## Goal of the exercise
Starting with the line that contains "Portrait d'une jeune" and stopping after the line that contains "Fender Cory Wong", return each line below exactly as written, with no others.

--

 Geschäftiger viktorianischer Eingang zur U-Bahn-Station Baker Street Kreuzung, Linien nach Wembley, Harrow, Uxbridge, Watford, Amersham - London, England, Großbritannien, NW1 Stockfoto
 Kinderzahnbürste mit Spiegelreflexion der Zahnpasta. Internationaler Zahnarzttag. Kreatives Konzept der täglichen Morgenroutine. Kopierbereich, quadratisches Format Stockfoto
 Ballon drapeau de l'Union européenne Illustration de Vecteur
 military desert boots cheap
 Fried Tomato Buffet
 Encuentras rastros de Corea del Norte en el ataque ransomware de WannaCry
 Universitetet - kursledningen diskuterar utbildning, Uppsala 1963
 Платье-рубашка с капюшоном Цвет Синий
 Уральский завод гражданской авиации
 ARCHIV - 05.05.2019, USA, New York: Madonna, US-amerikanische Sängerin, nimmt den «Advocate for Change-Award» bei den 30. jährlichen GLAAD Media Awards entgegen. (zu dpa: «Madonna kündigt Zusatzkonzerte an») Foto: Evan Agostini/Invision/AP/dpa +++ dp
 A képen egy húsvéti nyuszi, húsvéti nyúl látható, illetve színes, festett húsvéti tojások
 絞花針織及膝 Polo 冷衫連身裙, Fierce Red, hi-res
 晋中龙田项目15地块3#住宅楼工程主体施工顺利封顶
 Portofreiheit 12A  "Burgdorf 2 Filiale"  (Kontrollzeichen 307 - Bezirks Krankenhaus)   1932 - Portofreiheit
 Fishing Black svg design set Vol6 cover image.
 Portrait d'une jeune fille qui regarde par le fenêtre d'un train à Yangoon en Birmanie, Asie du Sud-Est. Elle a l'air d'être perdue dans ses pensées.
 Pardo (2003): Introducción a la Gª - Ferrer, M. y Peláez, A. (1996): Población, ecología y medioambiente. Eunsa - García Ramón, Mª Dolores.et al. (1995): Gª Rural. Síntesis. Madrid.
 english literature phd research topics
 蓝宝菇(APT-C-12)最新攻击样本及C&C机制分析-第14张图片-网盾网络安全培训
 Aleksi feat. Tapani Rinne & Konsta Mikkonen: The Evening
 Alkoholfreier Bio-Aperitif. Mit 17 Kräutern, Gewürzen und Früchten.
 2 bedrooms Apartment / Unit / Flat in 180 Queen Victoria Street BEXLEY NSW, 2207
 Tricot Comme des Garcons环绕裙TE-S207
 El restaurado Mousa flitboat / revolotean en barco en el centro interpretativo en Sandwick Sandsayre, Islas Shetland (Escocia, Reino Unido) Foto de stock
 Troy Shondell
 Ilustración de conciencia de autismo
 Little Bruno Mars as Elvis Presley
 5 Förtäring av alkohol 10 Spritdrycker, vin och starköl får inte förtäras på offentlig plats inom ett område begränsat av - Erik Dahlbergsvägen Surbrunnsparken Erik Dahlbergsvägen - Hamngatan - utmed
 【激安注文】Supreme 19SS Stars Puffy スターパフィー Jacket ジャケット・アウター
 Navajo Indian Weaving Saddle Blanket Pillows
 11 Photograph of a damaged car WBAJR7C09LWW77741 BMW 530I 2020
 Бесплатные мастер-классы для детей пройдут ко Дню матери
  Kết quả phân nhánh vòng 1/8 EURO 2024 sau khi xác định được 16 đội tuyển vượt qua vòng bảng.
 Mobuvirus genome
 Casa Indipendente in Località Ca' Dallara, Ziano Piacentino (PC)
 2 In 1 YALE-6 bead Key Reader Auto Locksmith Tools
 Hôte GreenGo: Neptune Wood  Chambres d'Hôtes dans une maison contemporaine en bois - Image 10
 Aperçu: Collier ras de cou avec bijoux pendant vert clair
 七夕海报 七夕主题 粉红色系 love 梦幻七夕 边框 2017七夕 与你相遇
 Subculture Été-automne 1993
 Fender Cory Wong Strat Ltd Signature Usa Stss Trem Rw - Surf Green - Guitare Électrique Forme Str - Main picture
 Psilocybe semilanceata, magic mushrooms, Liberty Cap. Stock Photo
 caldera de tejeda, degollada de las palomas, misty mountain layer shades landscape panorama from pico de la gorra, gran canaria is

--

## Answer space
 Portrait d'une jeune fille qui regarde par le fenêtre d'un train à Yangoon en Birmanie, Asie du Sud-Est. Elle a l'air d'être perdue dans ses pensées.
 Pardo (2003): Introducción a la Gª - Ferrer, M. y Peláez, A. (1996): Población, ecología y medioambiente. Eunsa - García Ramón, Mª Dolores.et al. (1995): Gª Rural. Síntesis. Madrid.
 english literature phd research topics
 蓝宝菇(APT-C-12)最新攻击样本及C&C机制分析-第14张图片-网盾网络安全培训
 Aleksi feat. Tapani Rinne & Konsta Mikkonen: The Evening
 Alkoholfreier Bio-Aperitif. Mit 17 Kräutern, Gewürzen und Früchten.
 2 bedrooms Apartment / Unit / Flat in 180 Queen Victoria Street BEXLEY NSW, 2207
 Tricot Comme des Garcons环绕裙TE-S207
 El restaurado Mousa flitboat / revolotean en barco en el centro interpretativo en Sandwick Sandsayre, Islas Shetland (Escocia, Reino Unido) Foto de stock
 Troy Shondell
 Ilustración de conciencia de autismo
 Little Bruno Mars as Elvis Presley
 5 Förtäring av alkohol 10 Spritdrycker, vin och starköl får inte förtäras på offentlig plats inom ett område begränsat av - Erik Dahlbergsvägen Surbrunnsparken Erik Dahlbergsvägen - Hamngatan - utmed
 【激安注文】Supreme 19SS Stars Puffy スターパフィー Jacket ジャケット・アウター
 Navajo Indian Weaving Saddle Blanket Pillows
 11 Photograph of a damaged car WBAJR7C09LWW77741 BMW 530I 2020
 Бесплатные мастер-классы для детей пройдут ко Дню матери
  Kết quả phân nhánh vòng 1/8 EURO 2024 sau khi xác định được 16 đội tuyển vượt qua vòng bảng.
 Mobuvirus genome
 Casa Indipendente in Località Ca' Dallara, Ziano Piacentino (PC)
 2 In 1 YALE-6 bead Key Reader Auto Locksmith Tools
 Hôte GreenGo: Neptune Wood  Chambres d'Hôtes dans une maison contemporaine en bois - Image 10
 Aperçu: Collier ras de cou avec bijoux pendant vert clair
 七夕海报 七夕主题 粉红色系 love 梦幻七夕 边框 2017七夕 与你相遇
 Subculture Été-automne 1993
 Fender Cory Wong Strat Ltd Signature Usa Stss Trem Rw - Surf Green - Guitare Électrique Forme Str - Main picture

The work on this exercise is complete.